**EXERCISE BRIEF**
Each record below should be repeated precisely as written.

· · · · ·

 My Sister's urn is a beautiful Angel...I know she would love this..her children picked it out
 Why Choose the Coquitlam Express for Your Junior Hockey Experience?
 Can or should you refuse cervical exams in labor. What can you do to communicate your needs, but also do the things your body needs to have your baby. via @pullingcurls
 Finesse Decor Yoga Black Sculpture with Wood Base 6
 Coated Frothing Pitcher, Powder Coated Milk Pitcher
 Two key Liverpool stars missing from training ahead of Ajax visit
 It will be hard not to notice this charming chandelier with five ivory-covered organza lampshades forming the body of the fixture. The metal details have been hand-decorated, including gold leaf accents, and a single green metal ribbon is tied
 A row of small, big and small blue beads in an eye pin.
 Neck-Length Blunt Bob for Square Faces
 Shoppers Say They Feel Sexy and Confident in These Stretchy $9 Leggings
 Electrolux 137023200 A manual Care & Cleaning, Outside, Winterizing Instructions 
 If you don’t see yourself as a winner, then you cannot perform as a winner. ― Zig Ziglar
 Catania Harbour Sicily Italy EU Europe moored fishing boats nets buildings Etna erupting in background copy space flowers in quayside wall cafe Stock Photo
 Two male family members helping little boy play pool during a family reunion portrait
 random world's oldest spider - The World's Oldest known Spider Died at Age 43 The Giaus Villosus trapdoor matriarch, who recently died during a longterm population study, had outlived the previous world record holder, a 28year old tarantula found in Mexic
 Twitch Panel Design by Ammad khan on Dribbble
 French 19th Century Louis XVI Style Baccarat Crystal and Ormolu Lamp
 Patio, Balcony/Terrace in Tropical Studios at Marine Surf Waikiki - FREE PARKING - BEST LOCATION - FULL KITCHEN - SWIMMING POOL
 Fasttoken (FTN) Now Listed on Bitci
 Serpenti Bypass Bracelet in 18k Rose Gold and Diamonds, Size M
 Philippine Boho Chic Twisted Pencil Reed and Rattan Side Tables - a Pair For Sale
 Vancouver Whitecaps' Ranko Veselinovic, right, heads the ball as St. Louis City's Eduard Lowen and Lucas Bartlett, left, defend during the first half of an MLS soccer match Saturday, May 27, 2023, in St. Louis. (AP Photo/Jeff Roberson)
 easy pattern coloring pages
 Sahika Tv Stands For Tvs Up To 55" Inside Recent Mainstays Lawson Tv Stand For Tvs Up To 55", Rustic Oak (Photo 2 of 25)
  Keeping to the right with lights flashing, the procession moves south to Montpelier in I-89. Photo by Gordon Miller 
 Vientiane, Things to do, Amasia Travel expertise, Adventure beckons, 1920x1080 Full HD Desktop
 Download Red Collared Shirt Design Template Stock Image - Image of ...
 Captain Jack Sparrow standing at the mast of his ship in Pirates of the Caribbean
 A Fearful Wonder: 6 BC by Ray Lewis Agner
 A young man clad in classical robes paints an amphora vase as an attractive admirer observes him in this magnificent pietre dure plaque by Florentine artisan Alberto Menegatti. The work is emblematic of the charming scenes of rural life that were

· · · · ·

**ANSWER BOX**
 My Sister's urn is a beautiful Angel...I know she would love this..her children picked it out
 Why Choose the Coquitlam Express for Your Junior Hockey Experience?
 Can or should you refuse cervical exams in labor. What can you do to communicate your needs, but also do the things your body needs to have your baby. via @pullingcurls
 Finesse Decor Yoga Black Sculpture with Wood Base 6
 Coated Frothing Pitcher, Powder Coated Milk Pitcher
 Two key Liverpool stars missing from training ahead of Ajax visit
 It will be hard not to notice this charming chandelier with five ivory-covered organza lampshades forming the body of the fixture. The metal details have been hand-decorated, including gold leaf accents, and a single green metal ribbon is tied
 A row of small, big and small blue beads in an eye pin.
 Neck-Length Blunt Bob for Square Faces
 Shoppers Say They Feel Sexy and Confident in These Stretchy $9 Leggings
 Electrolux 137023200 A manual Care & Cleaning, Outside, Winterizing Instructions 
 If you don’t see yourself as a winner, then you cannot perform as a winner. ― Zig Ziglar
 Catania Harbour Sicily Italy EU Europe moored fishing boats nets buildings Etna erupting in background copy space flowers in quayside wall cafe Stock Photo
 Two male family members helping little boy play pool during a family reunion portrait
 random world's oldest spider - The World's Oldest known Spider Died at Age 43 The Giaus Villosus trapdoor matriarch, who recently died during a longterm population study, had outlived the previous world record holder, a 28year old tarantula found in Mexic
 Twitch Panel Design by Ammad khan on Dribbble
 French 19th Century Louis XVI Style Baccarat Crystal and Ormolu Lamp
 Patio, Balcony/Terrace in Tropical Studios at Marine Surf Waikiki - FREE PARKING - BEST LOCATION - FULL KITCHEN - SWIMMING POOL
 Fasttoken (FTN) Now Listed on Bitci
 Serpenti Bypass Bracelet in 18k Rose Gold and Diamonds, Size M
 Philippine Boho Chic Twisted Pencil Reed and Rattan Side Tables - a Pair For Sale
 Vancouver Whitecaps' Ranko Veselinovic, right, heads the ball as St. Louis City's Eduard Lowen and Lucas Bartlett, left, defend during the first half of an MLS soccer match Saturday, May 27, 2023, in St. Louis. (AP Photo/Jeff Roberson)
 easy pattern coloring pages
 Sahika Tv Stands For Tvs Up To 55" Inside Recent Mainstays Lawson Tv Stand For Tvs Up To 55", Rustic Oak (Photo 2 of 25)
  Keeping to the right with lights flashing, the procession moves south to Montpelier in I-89. Photo by Gordon Miller 
 Vientiane, Things to do, Amasia Travel expertise, Adventure beckons, 1920x1080 Full HD Desktop
 Download Red Collared Shirt Design Template Stock Image - Image of ...
 Captain Jack Sparrow standing at the mast of his ship in Pirates of the Caribbean
 A Fearful Wonder: 6 BC by Ray Lewis Agner
 A young man clad in classical robes paints an amphora vase as an attractive admirer observes him in this magnificent pietre dure plaque by Florentine artisan Alberto Menegatti. The work is emblematic of the charming scenes of rural life that were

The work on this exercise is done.